Estaba tibia y húmeda. Nos abrimos paso entre las mesas llenas de borrachos que
miraban con ojos lascivos a la chica, que le decían frases obscenas. La espalda desnuda
como un vasto desierto, la hendidura de la columna vertebral, el trasero abundante,
redondo. El cabello derramándose como una lluvia dorada. Las voces de Los Panchos
interpretando Solamente una vez. Puse una mano sobre su hombro y la otra en su
cintura. Sentí arder su piel bajo mis manos. Los cuerpos moviéndose al vaivén de la
música como una barca sobre las olas. La cara bonita, los ojos verdes e inmensos, la
boca de fresa. Medio loco tu compañero de juerga, ¿no? Su aliento tibio abrasándome el
rostro. ¿Quién, el pintor? ¿Es pintor? Aja. ¿No lo conoces? No, ¿quién será? ¿Qué pinta,
casas? Cuadros. La risita aguda, chillona, los senos agitándose, saltando. Pintor como
Picasso, Dalí, Leonardo da Vinci. ¡Pintor! No me hagas reír así que me hago pis. Qué va
a ser pintor el cara de sapo ese. Lo es. Y tú eres su musa. Te quiere pintar. ¿Estás loco o
qué, ah? Es que le recuerdas a Marilyn, su ex. ¿Qué Marilyn? Monroe. ¿Marilyn
Monroe, la actriz? Aja. Se dobló de la risa. Oye, tú estás más chiflado que el cara de
sapo ese. ¿Sabes?: no quiero perder mi tiempo ni que lo pierdas tú. ¿Tienes para pagarte
un polvo? Metí la mano a uno de mis bolsillos, saqué el puñado de monedas y billetes
que había juntado durante todo el día y los puse en su escote. Ahí tienes para más de un
polvo, le dije. Víctor no pide mucho... Soltó una carcajada que atrajo todas las miradas.

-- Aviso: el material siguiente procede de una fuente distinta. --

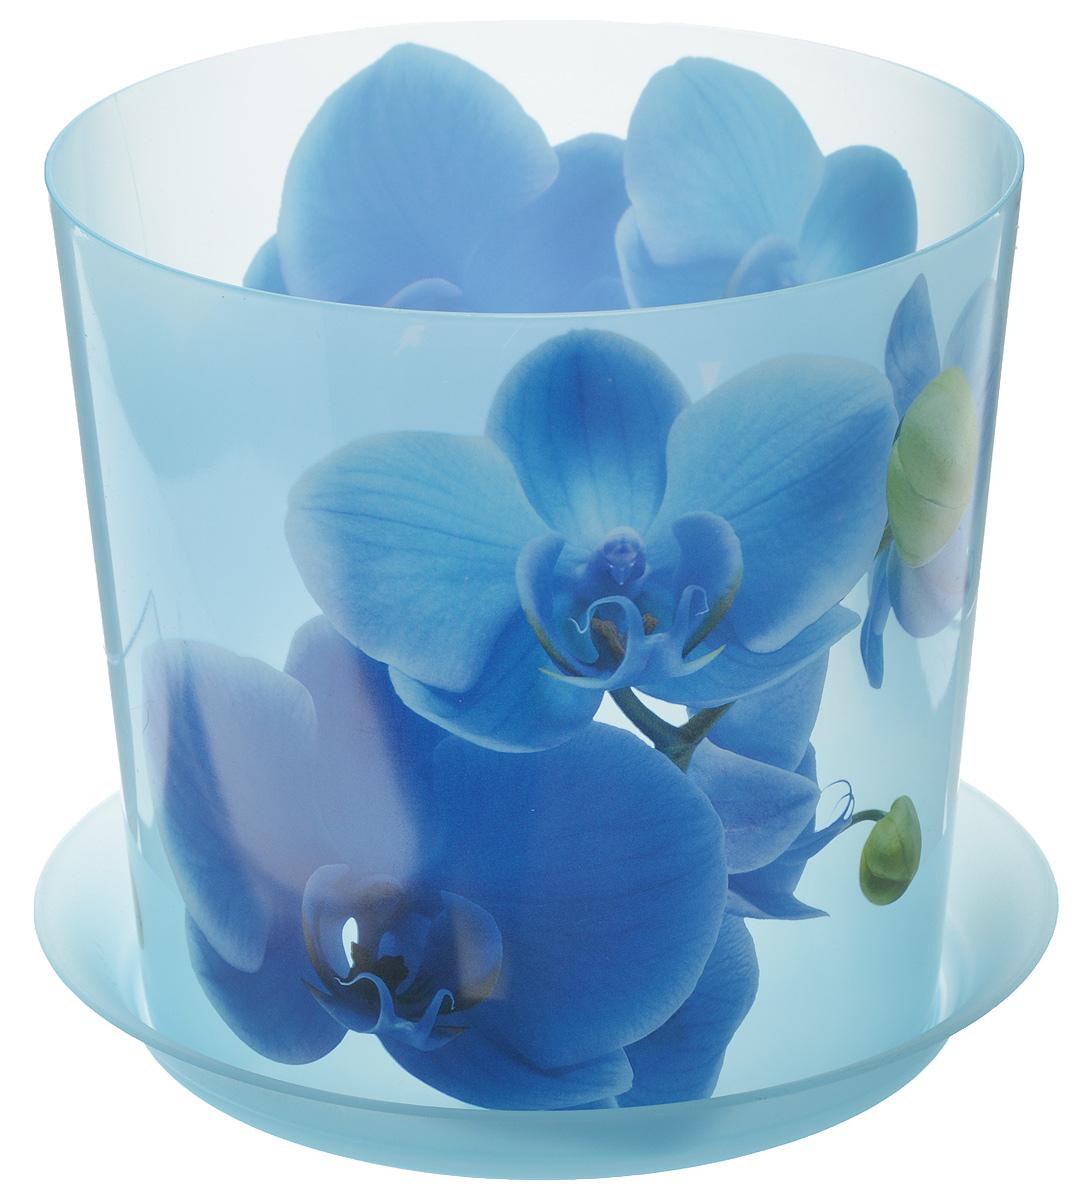 Кашпо Idea Деко, с подставкой, цвет: голубой, 2,4 л ершик для унитаза idea лотос деко барокко с подставкой высота 36 см

La música había cesado. Arrojó el dinero que había puesto en su escote. Dile a tu amigo
que vaya a buscar a su Marilyn, chilló. A mí que no me joda, ¿ya? Mujerzuela, le
espeté, dándome la media vuelta. Víctor me esperaba de pie. Salimos a la noche
victoriana. Era una noche cálida, de luna llena. Allí estaba el inca, apuntándonos con su
dedo acusador. Echamos a andar en dirección a La Parada. Me cansééé de rogarleee, /
me cansééé de decirleee / que yo sin ella de pena muerooo, empecé a cantar. Víctor
continuó la siguiente estrofa: Ya no quiso escucharme, / si sus labios se abrieron / fue
pa' decirme ya no te quierooo. El ladrido de un perro cortó la noche como un cuchillo.